What the task asks:
Reproduce the data exactly and drop any pictures it holds.

Data section:
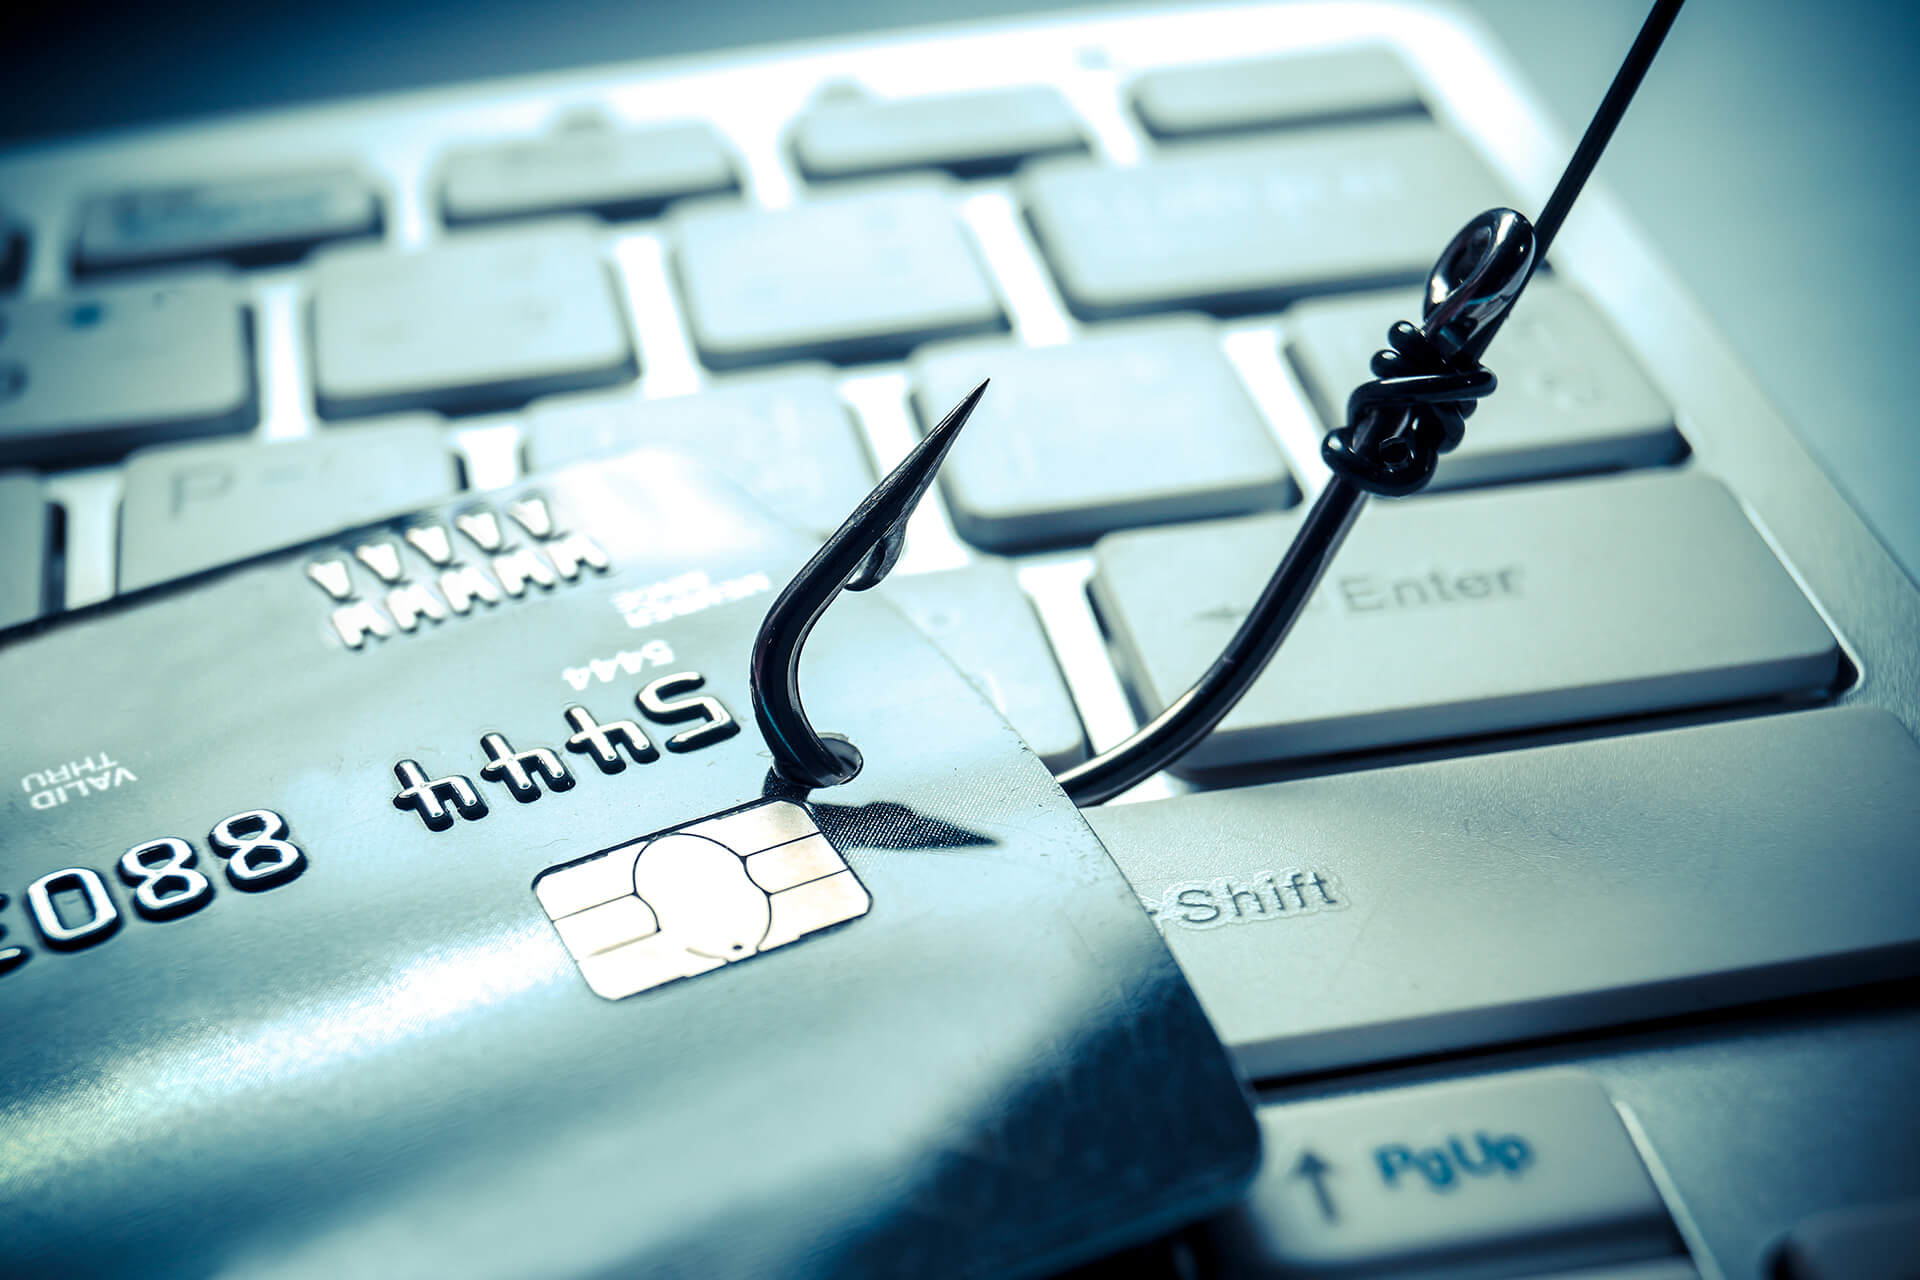 Phishing i kako se zaštititi?
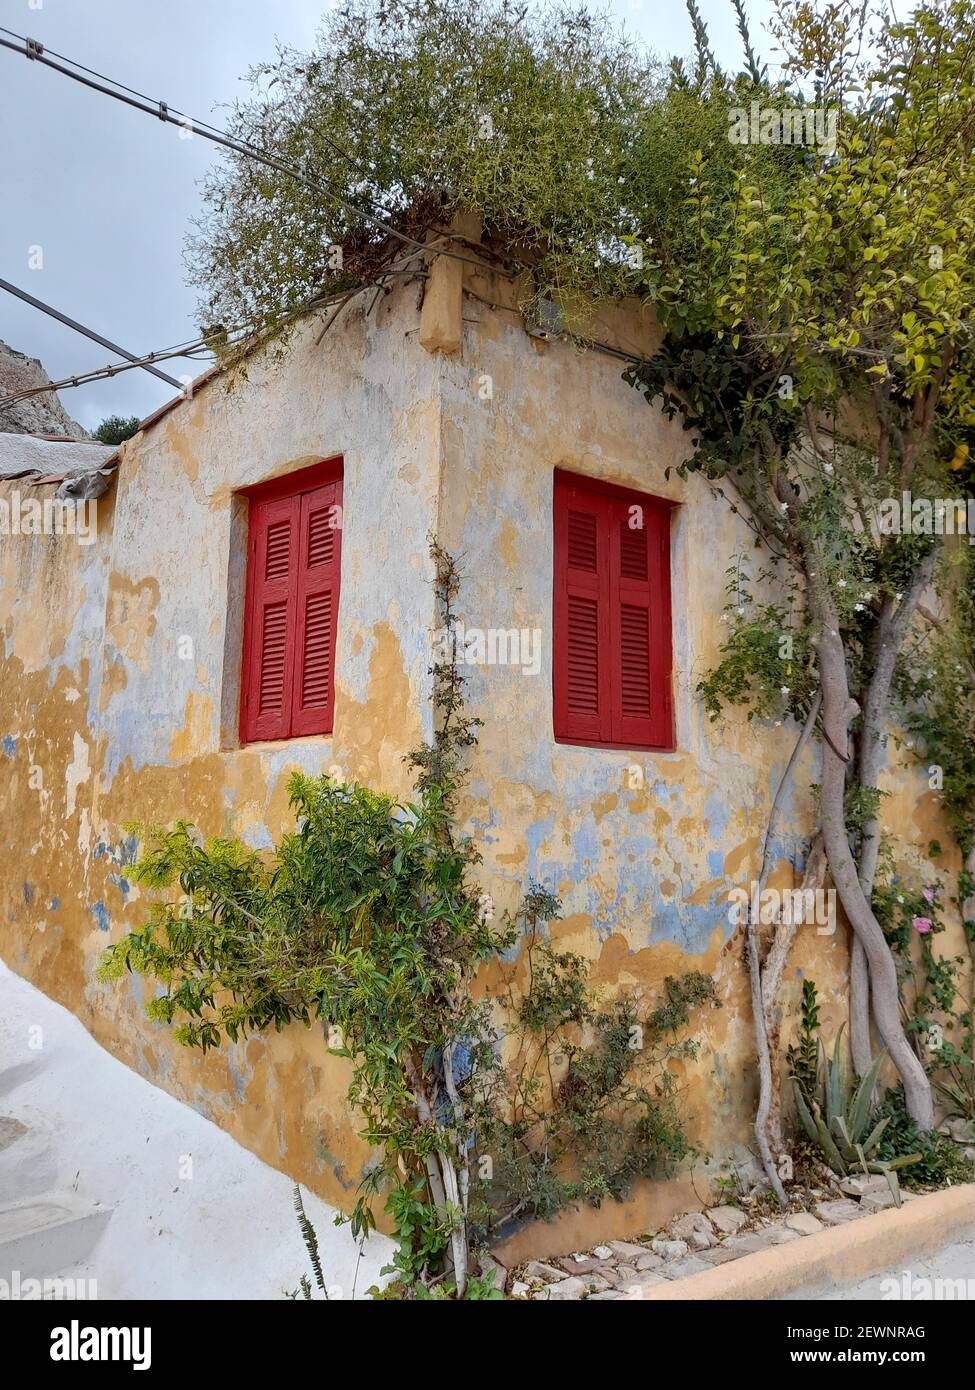 Muro colorato invecchiato di una vecchia casa nel pittoresco quartiere di Anafiotika, a Plaka, la città vecchia di Atene, capitale della Grecia, Europa Foto Stock
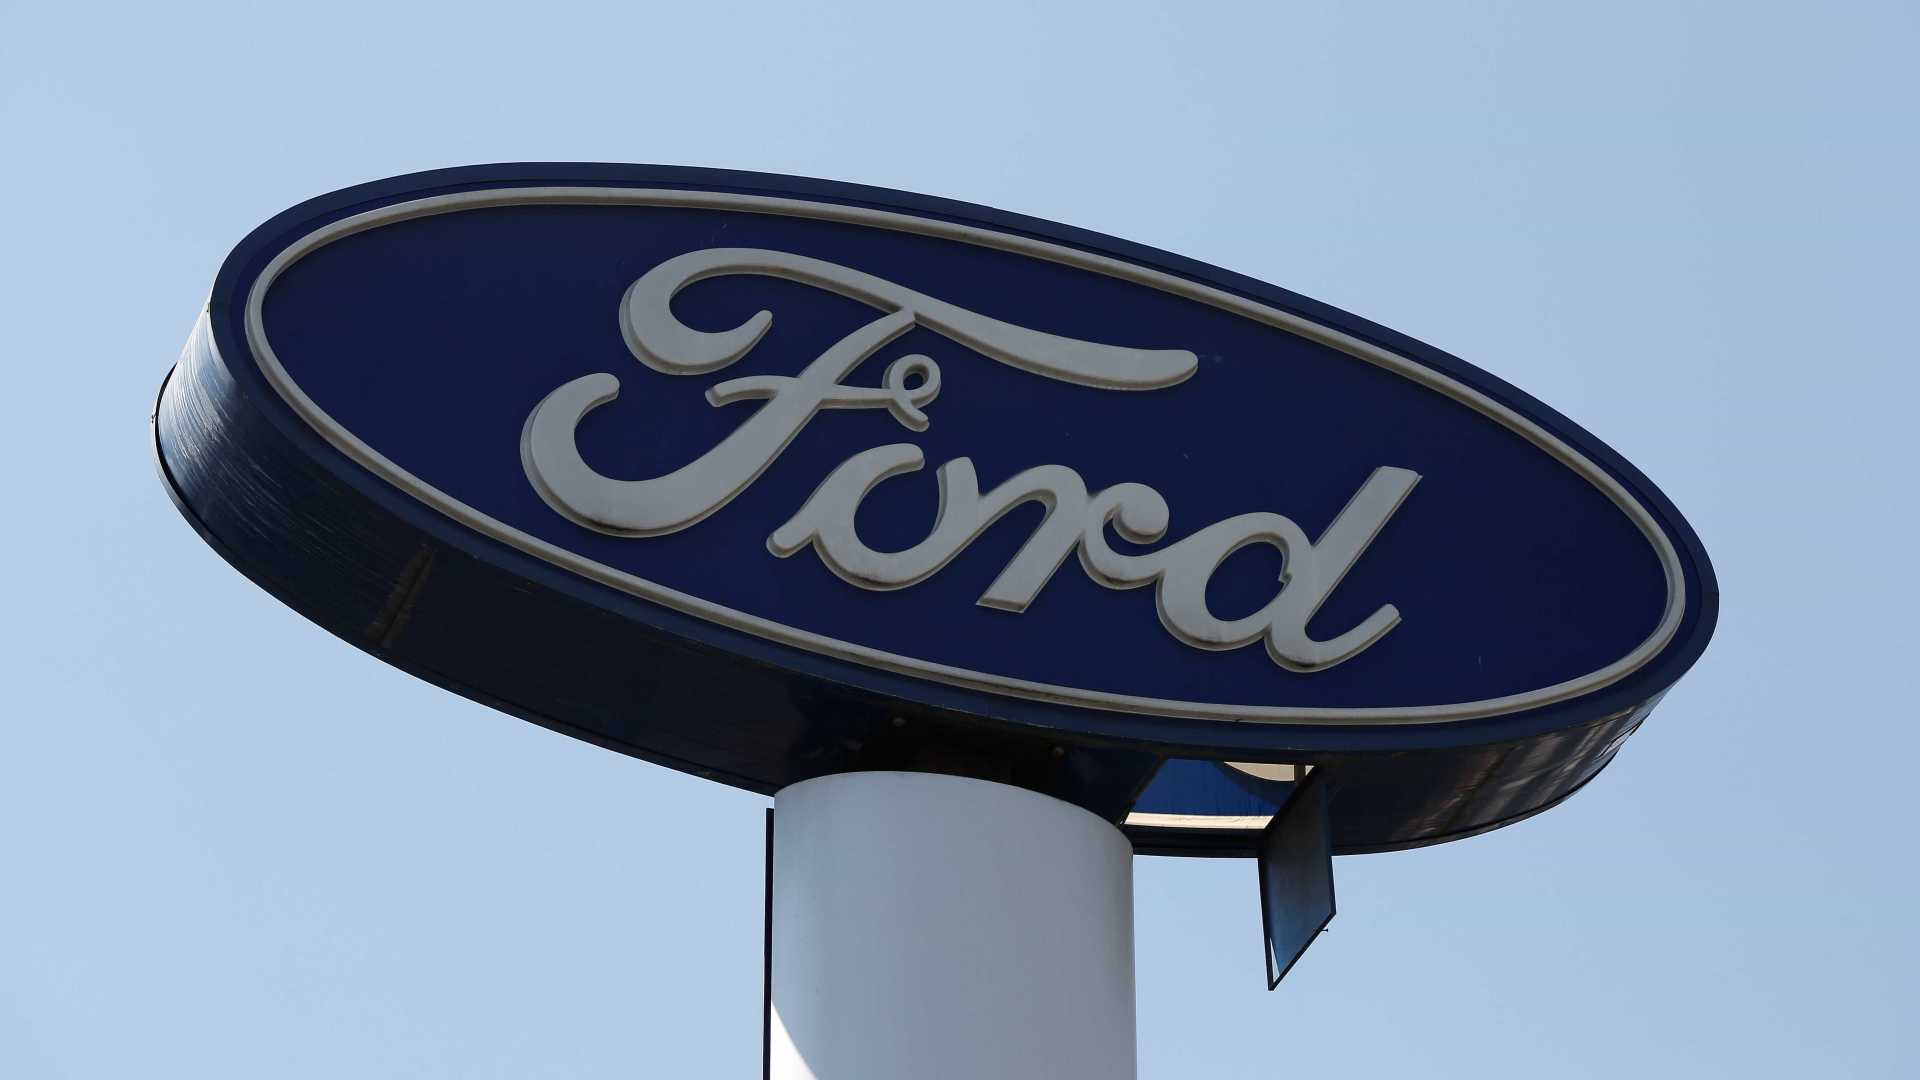 Proposta da Fazenda para Rota 2030 não é tão boa, diz Ford

Result of the exercise:
 Phishing i kako se zaštititi?
 Muro colorato invecchiato di una vecchia casa nel pittoresco quartiere di Anafiotika, a Plaka, la città vecchia di Atene, capitale della Grecia, Europa Foto Stock
 Proposta da Fazenda para Rota 2030 não é tão boa, diz Ford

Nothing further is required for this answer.